For security, eBPF offers a powerful way to instrument running containers and collect granular telemetry with minimal overhead. For example, an eBPF program could trace all file accesses, network connections, and process executions made by a container.

The Cilium project uses eBPF to provide Kubernetes network security and observability. Tracee is an eBPF-based runtime security tool that detects abnormal behavior using kernel-level events.

Here‘s a simple eBPF program in Python to detect execution of a specific syscall (e.g. exec):

from bcc import BPF
bpf_text = """
int kprobe__sys_execve(struct pt_regs *ctx, const char __user *filename) {
    bpf_trace_printk("Exec called: %s\\n", filename);
    return 0;
};
"""
b = BPF(text=bpf_text)
b.trace_print()

Confidential Computing

Confidential computing is an emerging paradigm that uses hardware-based trusted execution environments (TEEs) to protect data in use.

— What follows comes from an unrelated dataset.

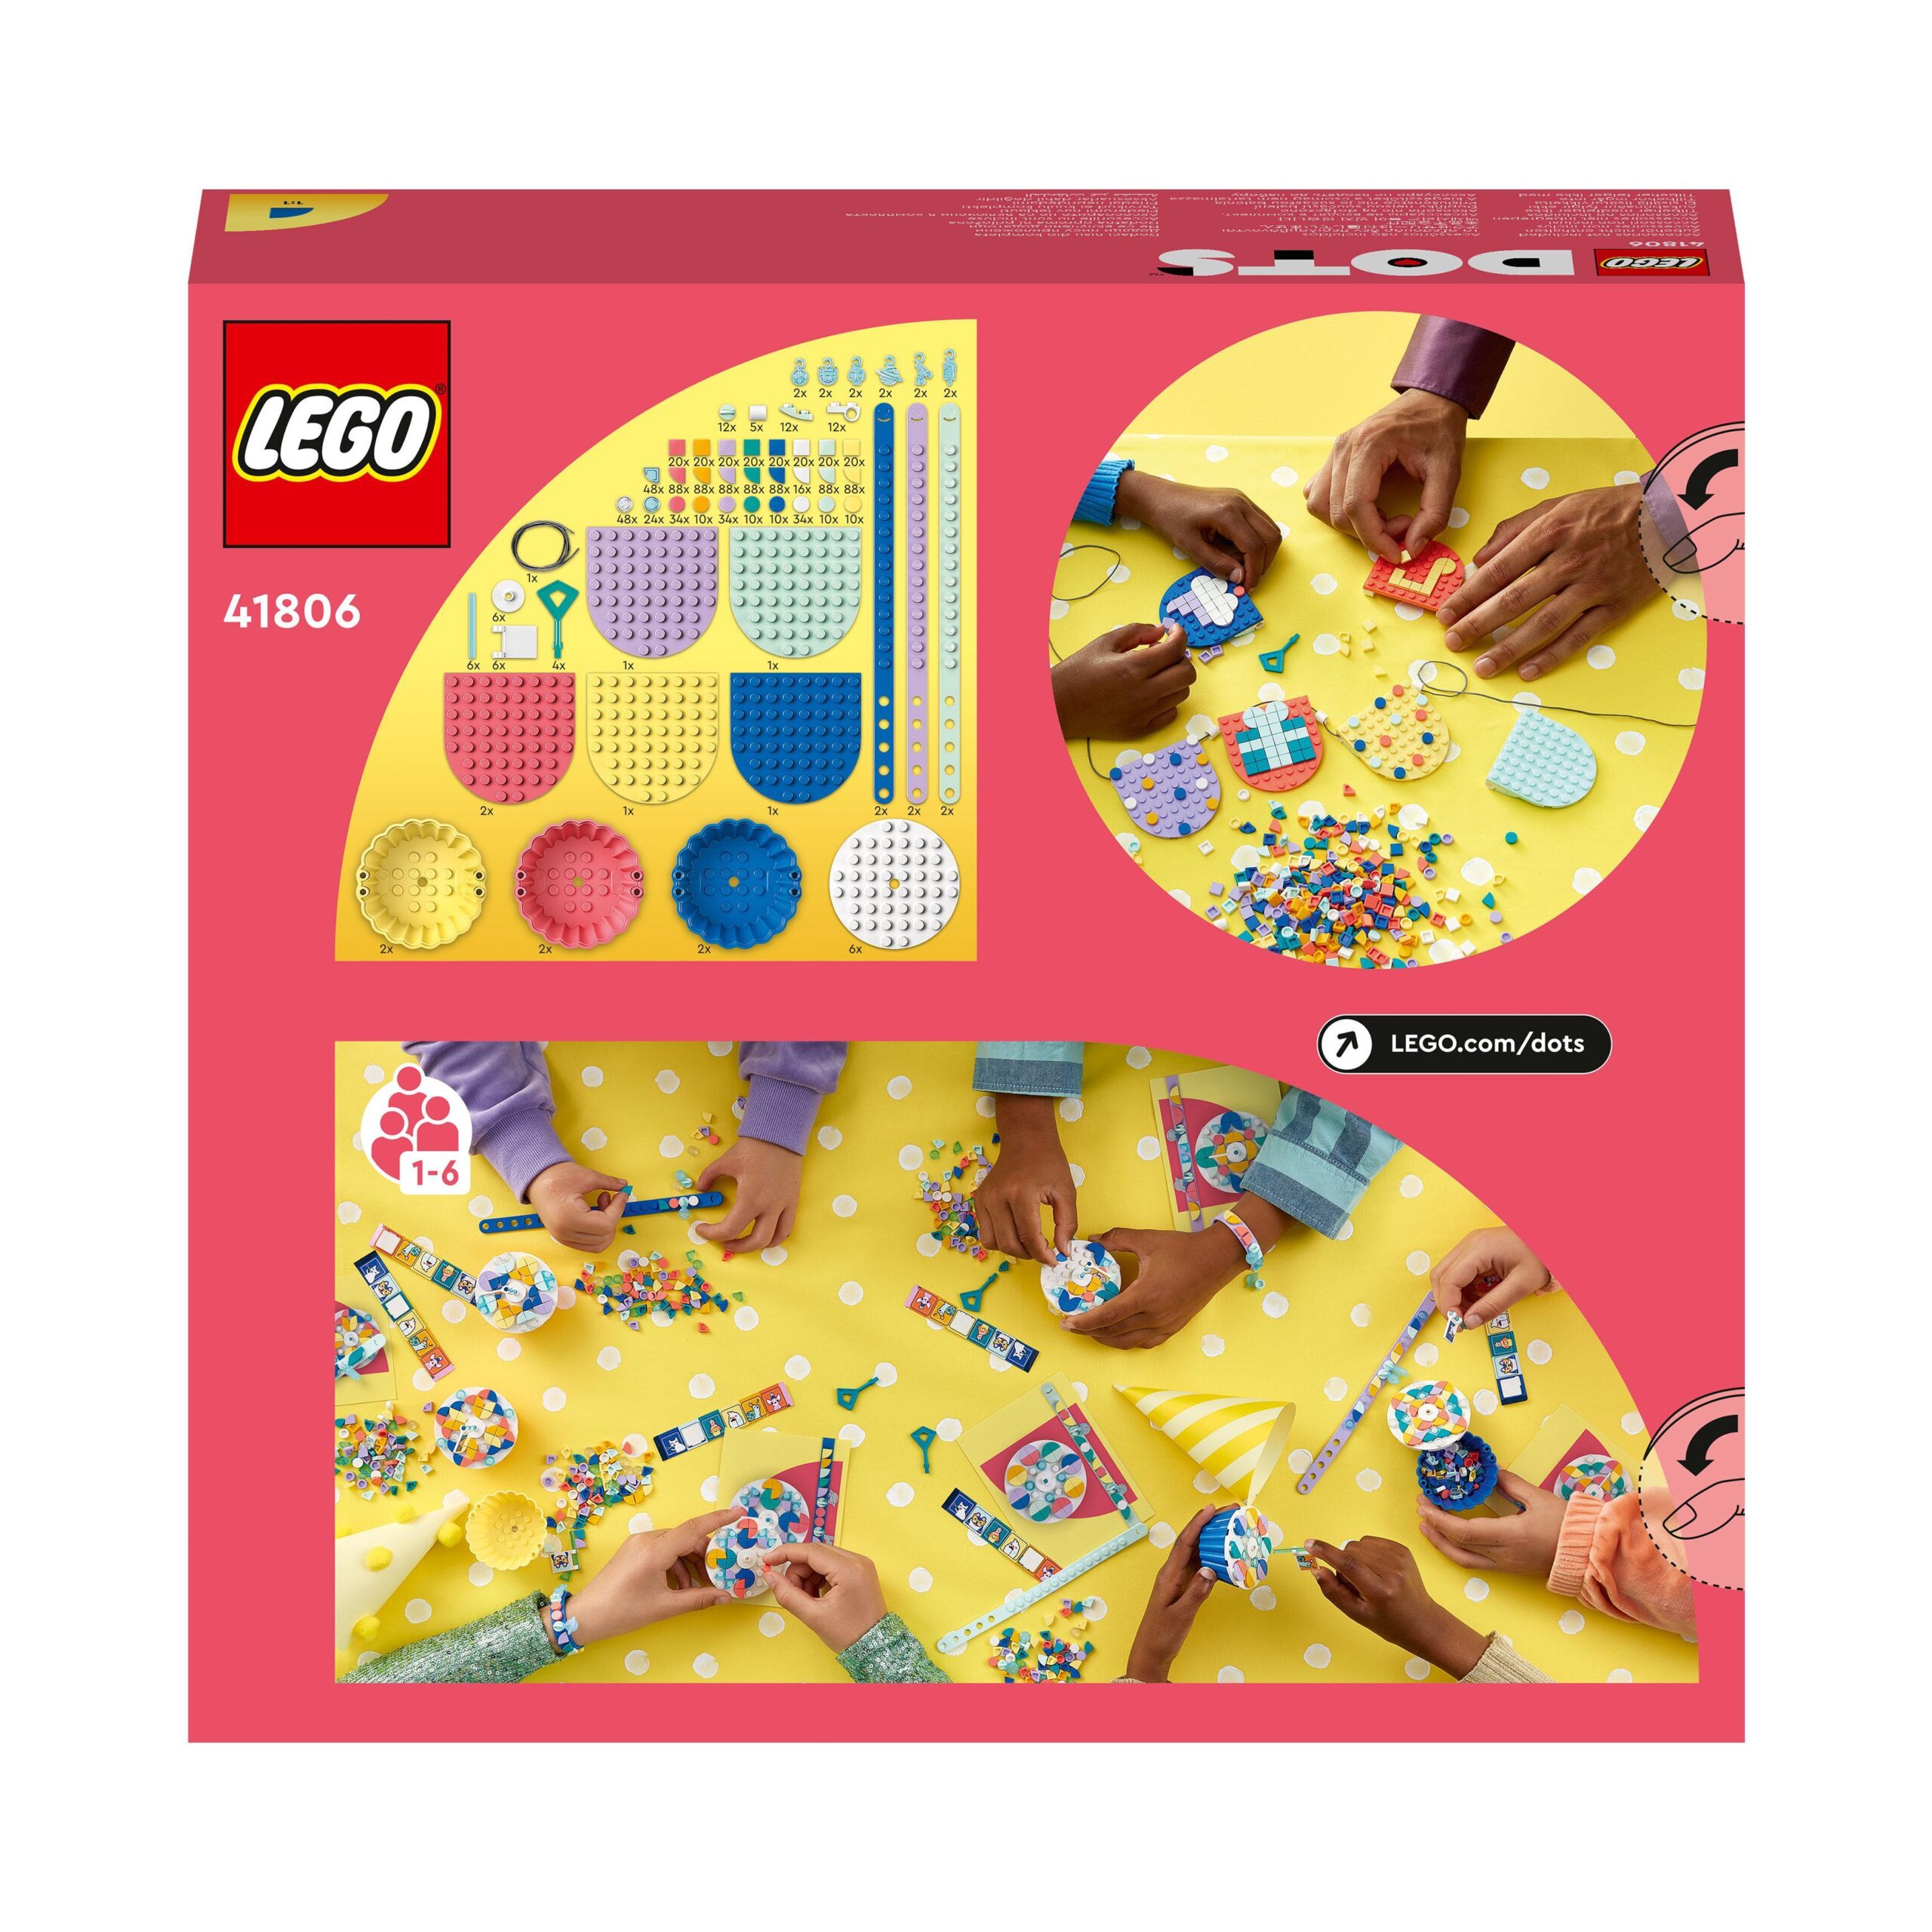 LEGO DOTS 41806 Grande Kit per le Feste, Giochi Festa Compleanno Bambini  Fai da Te con Cupcake, Braccialetti e Festoni - LEGO - DOTs - Set  mattoncini - Giocattoli

TEEs like Intel SGX, AMD SEV, and AWS Nitro Enclaves create an encrypted memory region that is inaccessible to the host OS and hypervisor. This allows running sensitive workloads in the cloud without exposing data to the underlying infrastructure.

Confidential computing can help mitigate the impact of container escape vulnerabilities by preventing access to memory outside the TEE. The Asylo framework provides tools for running containers inside Intel SGX enclaves.

Conclusion

Container security is a complex but critical discipline. As a full-stack developer, it‘s important to understand the unique risks posed by containers and how to mitigate them through a combination of proactive engineering and reactive detection and response.

This post covered the most common types of container vulnerabilities, techniques for identifying them, and best practices for remediation. It also explored some cutting-edge technologies shaping the future of container security.

While there‘s no silver bullet, following the guidance outlined here can help reduce your container attack surface and keep your applications safe. Container security is a shared responsibility—by working together, developers, operations, and security teams can reap the benefits of containerization without putting the organization at risk.